A pizza delivery moped came the wrong way down a one-way street. Neil hooted. A group of men waited outside a minicab office, laughing at each other’s jokes. Adam was a liar, a decade’s worth of lies, but he had been kinder and more attentive than Jess, who had calibrated her response to what she knew of his and Brian’s relationship. She didn’t have much time for charades.
‘Anything I can do?’ Adam had said. ‘I’ll come over.’
‘You can bump off the guy in the bed opposite him. Stinks, the fucker. Screams all night, apparently.’
‘Roger that. Seriously, I hope things are… bearable.’
‘Thanks.’
‘I’ll come over.’
Adam called every day for a week. Neil suspected he was projecting his feelings for his own parents onto this emptier situation. He had come to admire Adam’s automatic love of his family without ever thinking he could emulate or quite understand it, as you might admire the practitioner of some recondite craft or art, a potter or a saxophonist.
That was only a few months ago. They had talked about Brian that week. They often talked about Sam and Harry. These days they didn’t talk much about Claire and Jess, out of a combination, Neil supposed, of loyalty and tact. Pretty soon they wouldn’t be talking about money, even though having it or not having it, how much you got and how you got it, were becoming the main questions. How much your friends got, and how.
A half-empty bus pulled away from its stop. A homeless man with an overstuffed shopping trolley sat on the narrow bench beneath the shelter, not waiting for anything. The man’s eyes met Neil’s before he could accelerate.
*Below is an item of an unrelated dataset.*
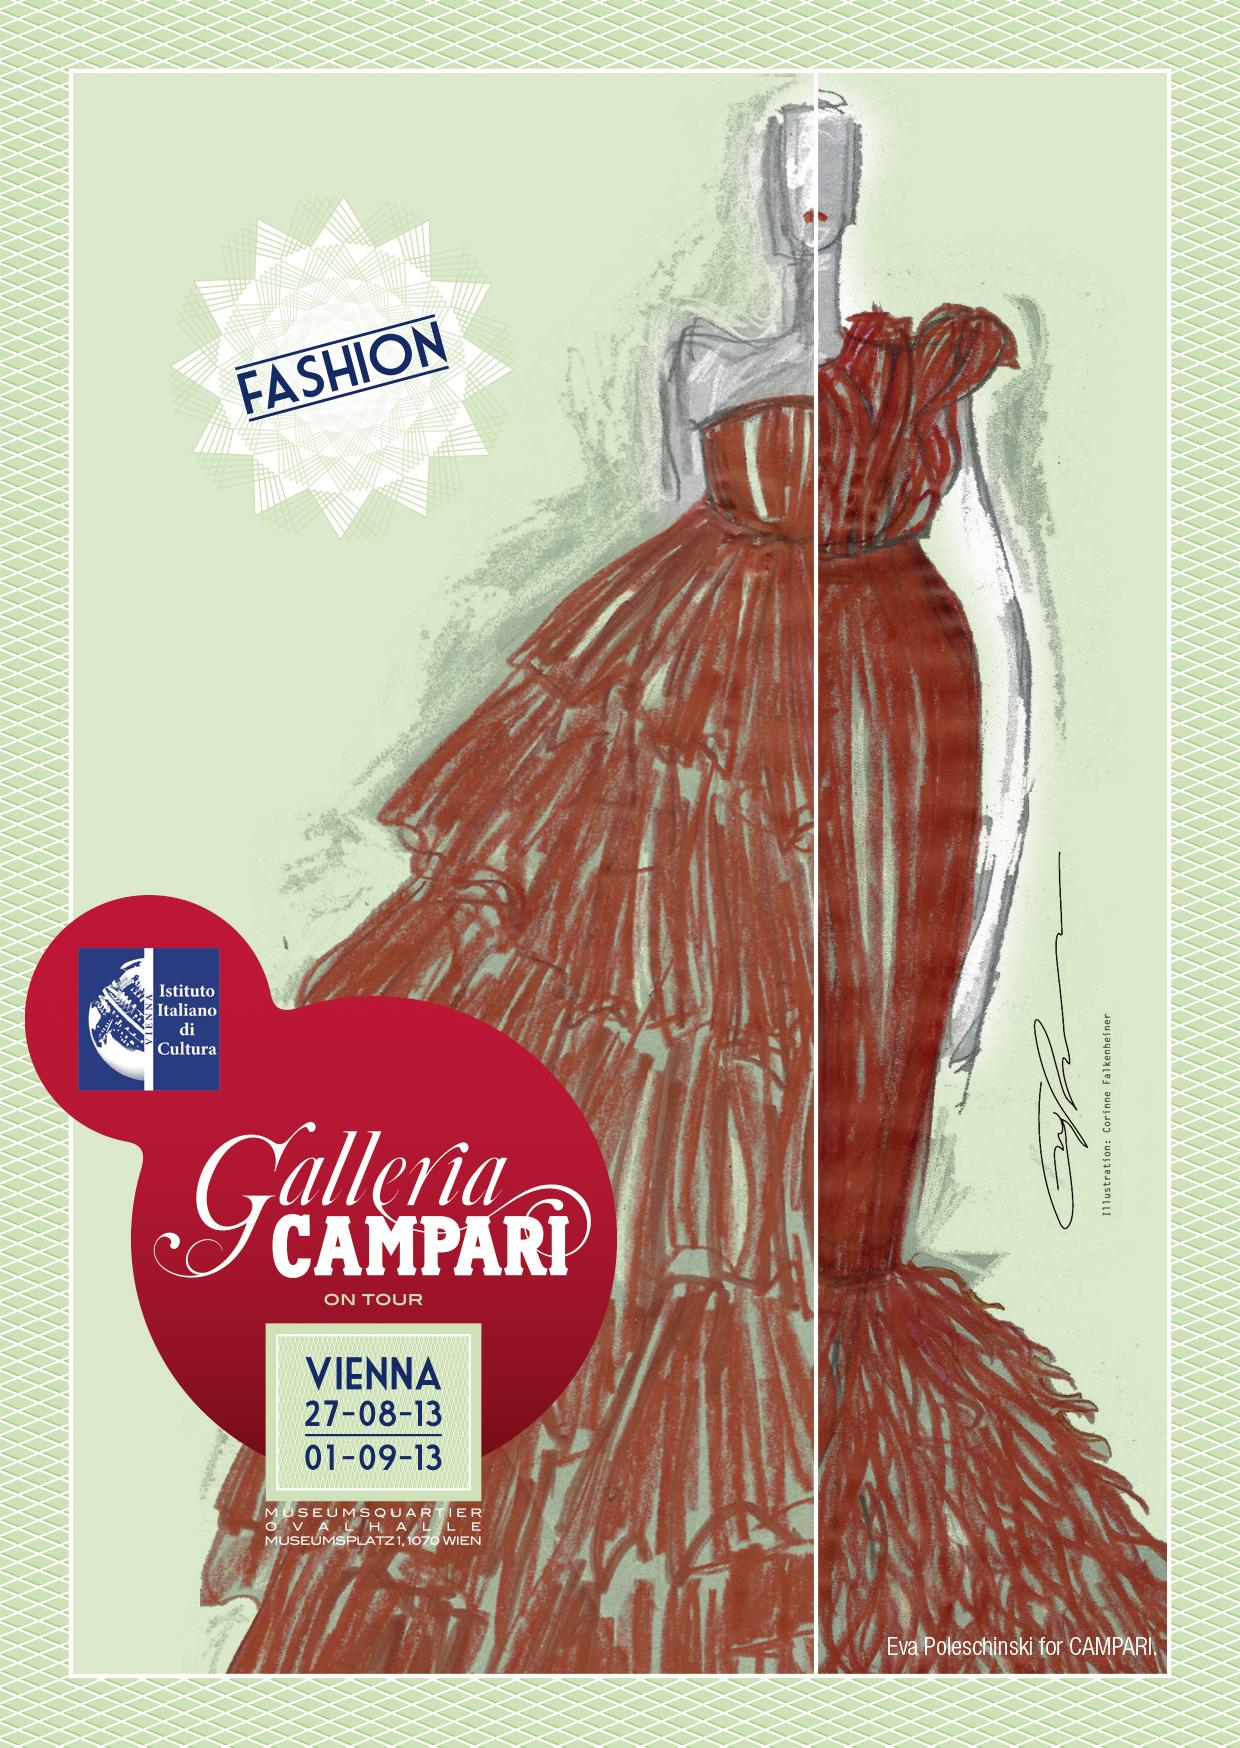 ep_anoui + Campari

Envy wasn’t quite the right word for Adam’s response to his wealth. It would be fairer to describe it as a kind of cognitive dissonance, incomprehension that the chips should have fallen this way. Neil forgave him that much. He had felt something similar about his money, too, as if someone, some pinstriped overseer, might tap him on the shoulder at any moment, explaining that there had been a misunderstanding, he would have to give it back. The previous year he had invited Adam and Claire to join them on a balloon ride, high-altitude champagne over Kent for Jess’s birthday, and Adam had accepted. He rang back a couple of days later to say no, sorry, some blather about the babysitter, but Neil was certain the real reason had been the cost. He would happily have paid, but he knew Adam wouldn’t countenance that. Whisky and comfort and time were permitted offerings, recognised currency. But money, no. It was different from before, when Adam had loaned him the deposit for his bedsit, because the disparity was permanent, and in Neil’s favour.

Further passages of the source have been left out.